Capora sahilinde eski bir tekne











Banyan ağacının hepsini kamera alamadı

Fort Aquada Calangut’un güneyinde, Candolim’den sonra yer alıyor. Fort Aquada cezaevi deniz kenarında kurulmuş, yarı açık cezaevi. Aktif durumda olduğu için gezemedik, dışarıdan fotoğraf çekmemize izin verdiler. Cezaevinin bir tarafı deniz, diğer tarafı orman ve kayalık olduğu için mahkumların kaçması sanırım oldukça zordur. Bizden sonra gelen bir turist; “hadi bir suç işleyip içeriyi de görelim” dedi. Düşünmesi bile kötü.
Fort Aquada cezaevi
Fort Aquada cezaevi
 Hindistanda ağaçlar büyülüyor.

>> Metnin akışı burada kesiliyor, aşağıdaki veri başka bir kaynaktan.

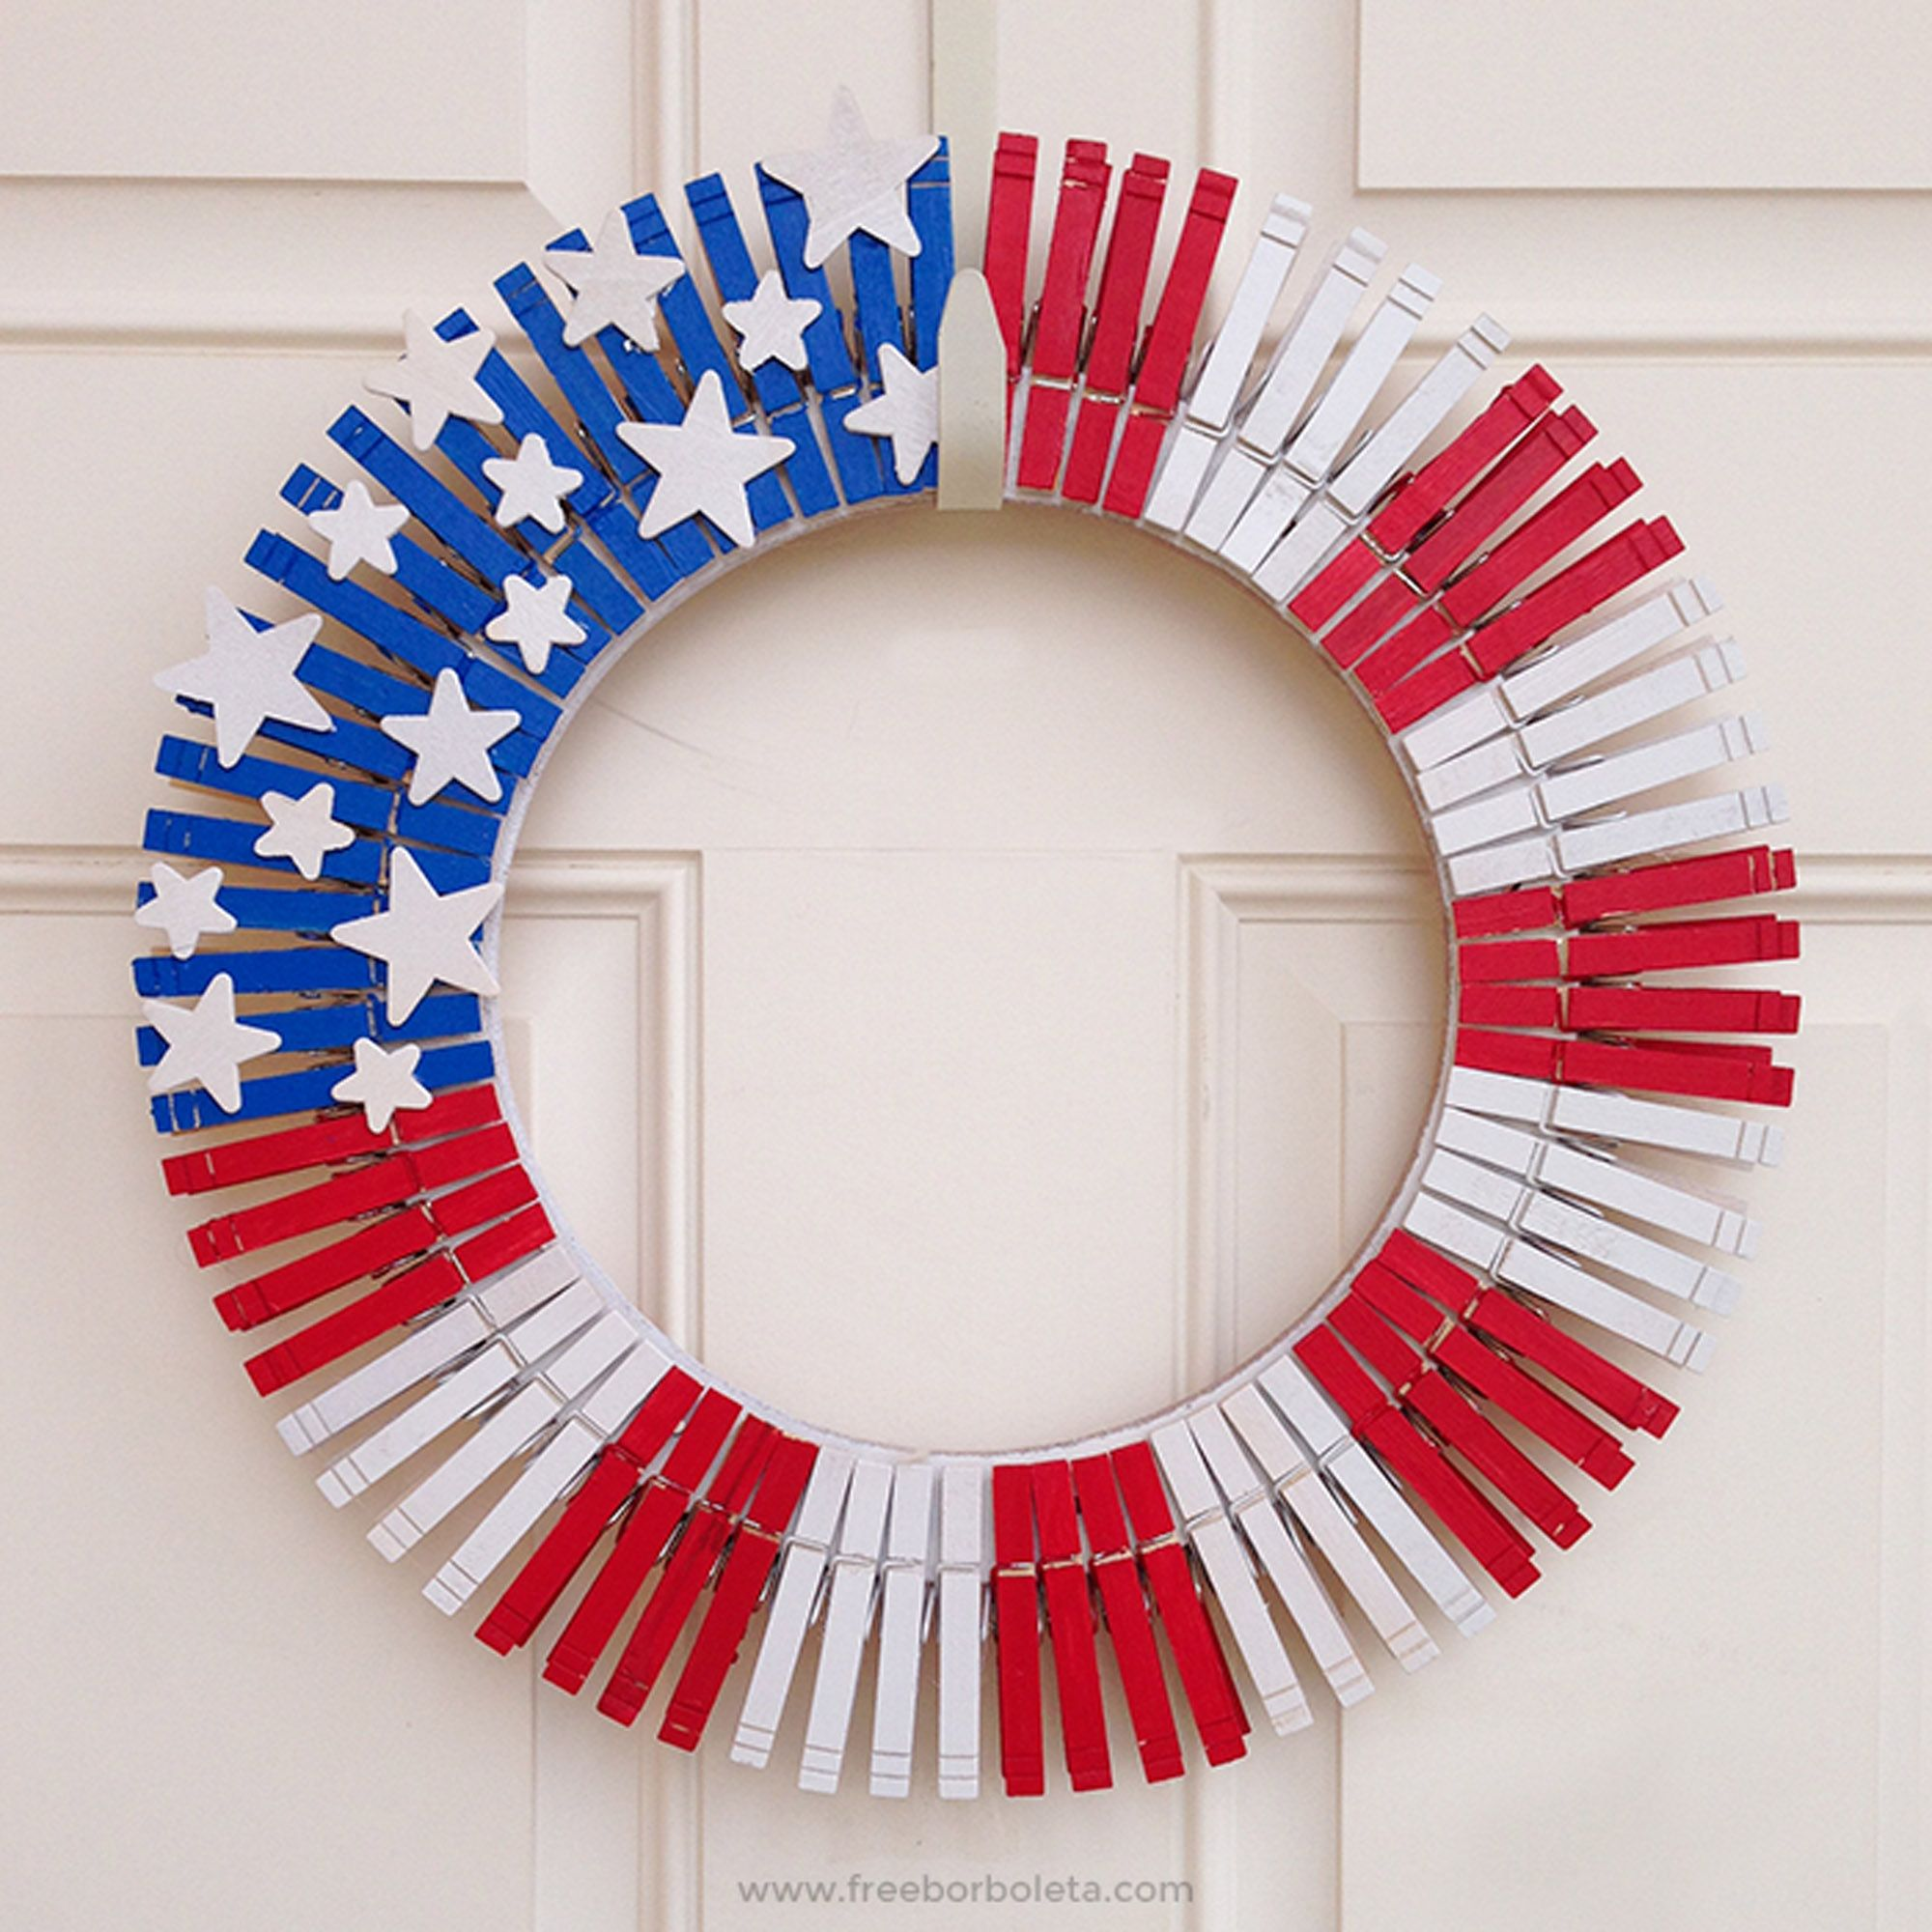 26 easy 4th of july crafts - patriotic craft ideas & diy decorations

Güzel ve görkemli ağaçlarla dolu yolu geçerek Fort Aquada’ya (Aquada Kalesi) ulaştık. Kalenin içindeki eski deniz feneri kullanılmadığı için yanına yeni bir deniz feneri yapılmış. Kalede restorasyon çalışması devam ediyordu. Kale, Portekizliler tarafından, gemilere su vermek üzere yapılmış, adı da bunu ifade ediyormuş; Aquada Portekizcede “sulu yer” anlamına geliyormuş. Bu kalen gemilerin içme suyu ihtiyaçları karşılanıyormuş. Deniz feneri 18. Yüzyılda yapılmış, 7 saniyede bir ışık yakıyormuş.



Fort Aquada kalesindeki eski denizfeneri


Bundan sonra geri dönüş başlayacak. Tatil bitiyor,ancak evimi özledim.